Алиса говорила мне много того, чего нет в ее интересной книге: „Подумайте, как мне было трудно любить Федю Протасова — Москвина, я прижимаюсь к нему, обнимаю, а он в корсете, я в ужасе, а надо любить, любить, а я в ужасе“.»

«Союз Александра Яковлевича Таирова и Алисы Георгиевны Коонен — изумительный и счастливый», — так пишет Верико Анджапаридзе, давний друг Раневской, вспоминая спектакли «Фамира Кифаред», «Жирофле Жирофля», «Федра» и «Мадам Бовари». Изумительный, счастливый и трагический…

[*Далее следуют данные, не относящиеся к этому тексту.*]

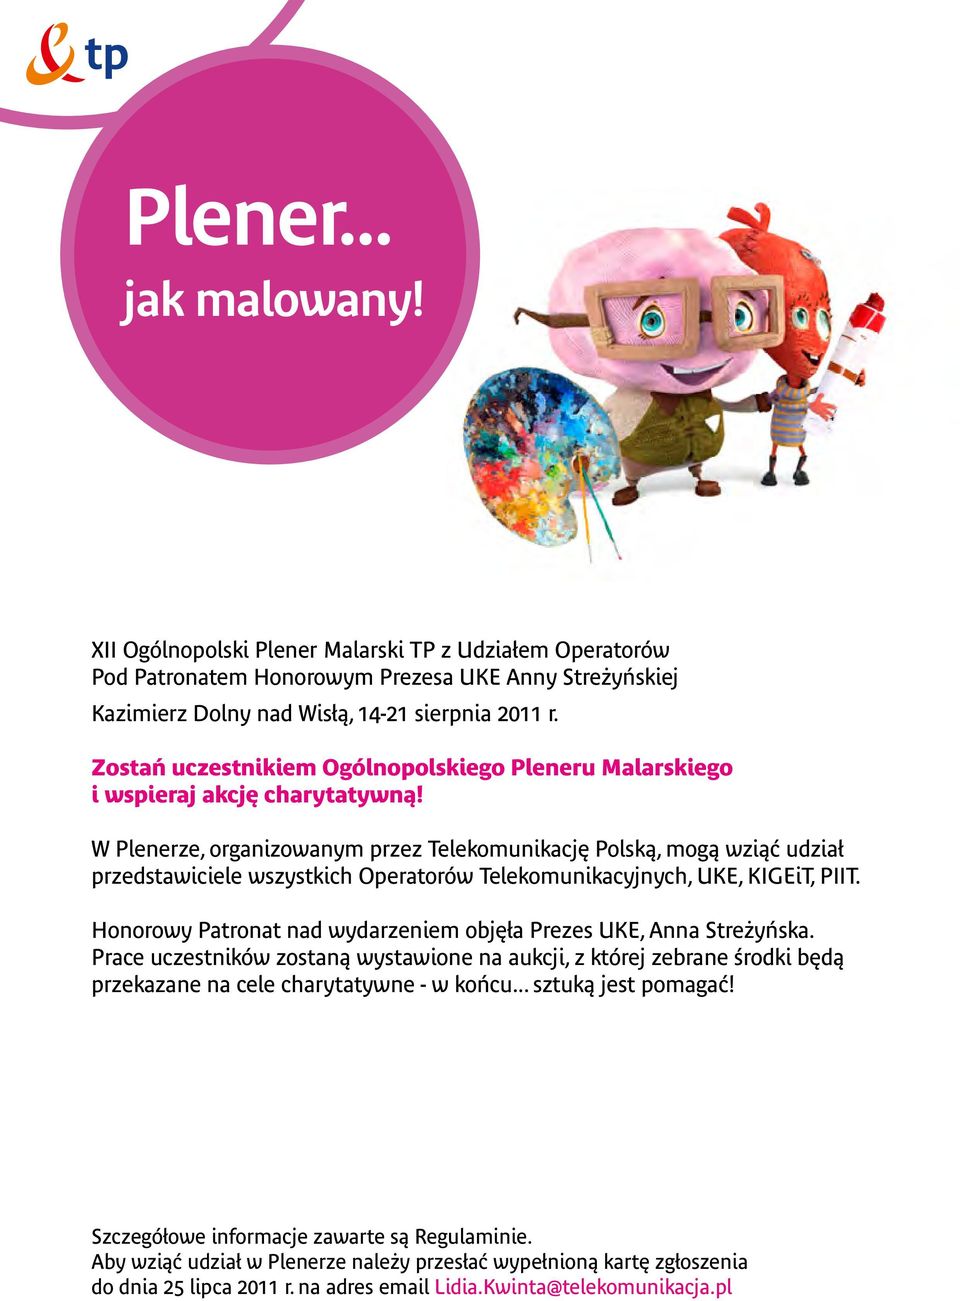 W Plenerze, organizowanym przez Telekomunikację Polską, mogą wziąć udział przedstawiciele wszystkich Operatorów Telekomunikacyjnych, UKE, KIGEiT, PIIT.

Алиса Коонен вспоминала: «Мое внимание еще раньше привлекал один особняк с красивой дверью черного дерева. Дом казался пустынным и таинственным. По вечерам в окнах не было света. Таиров, оглядев особняк, согласился, что в нем „что-то есть“. И, подойдя к двери, решительно позвонил… Таиров долго не возвращался. Наконец черная дверь отворилась. Мы уселись на скамейку, и он начал рассказывать. Таинственный особняк принадлежал трем братьям Паршиным. „Четыре зала, идущие анфиладой, не годятся, чтобы сделать театр… Ломать их грешно. Но есть возможность пристроить к ним небольшой зрительный зал и сцену. Само здание просто создано для театра“, — восхищался Таиров, описывая белые мраморные стены и замечательную живопись на потолках».

В мае 1914 года Таиров решается на реконструкцию особняка по Тверскому бульвару и строительство небольшого зрительного зала и сцены театра рядом с церковью Иоанна Богослова в переулке того же имени. Анфиладу особняка Таиров превращает в парадные залы фойе, а позади возникает небольшой уютный «камерный» зрительный зал с балконом. В глубине строения по Большой Бронной улице — квартира Таирова и Коонен.

12 декабря 1914 года состоялось открытие.

«Мне посчастливилось быть на спектакле „Сакунтала“, которым открывался Камерный театр. Я была на генеральной, — вспоминала Раневская. — Это было зрелище изумительное, весь спектакль. Роль Сакунталы исполняла пленительная, вдохновенная Алиса Коонен. Я любила ее во всех ролях. Больше всего я ее помню в спектакле „Машиналь“.

С тех пор, приезжая в Москву (я в то время была провинциальной актрисой), неизменно преданная Камерному театру, я пересмотрела почти все его спектакли. Все это было празднично, необычно, все восхищало, и мне захотелось работать с таким мастером, в таком особом театре. Я отважилась об этом написать Александру Яковлевичу, впрочем, не надеясь на успех моей просьбы.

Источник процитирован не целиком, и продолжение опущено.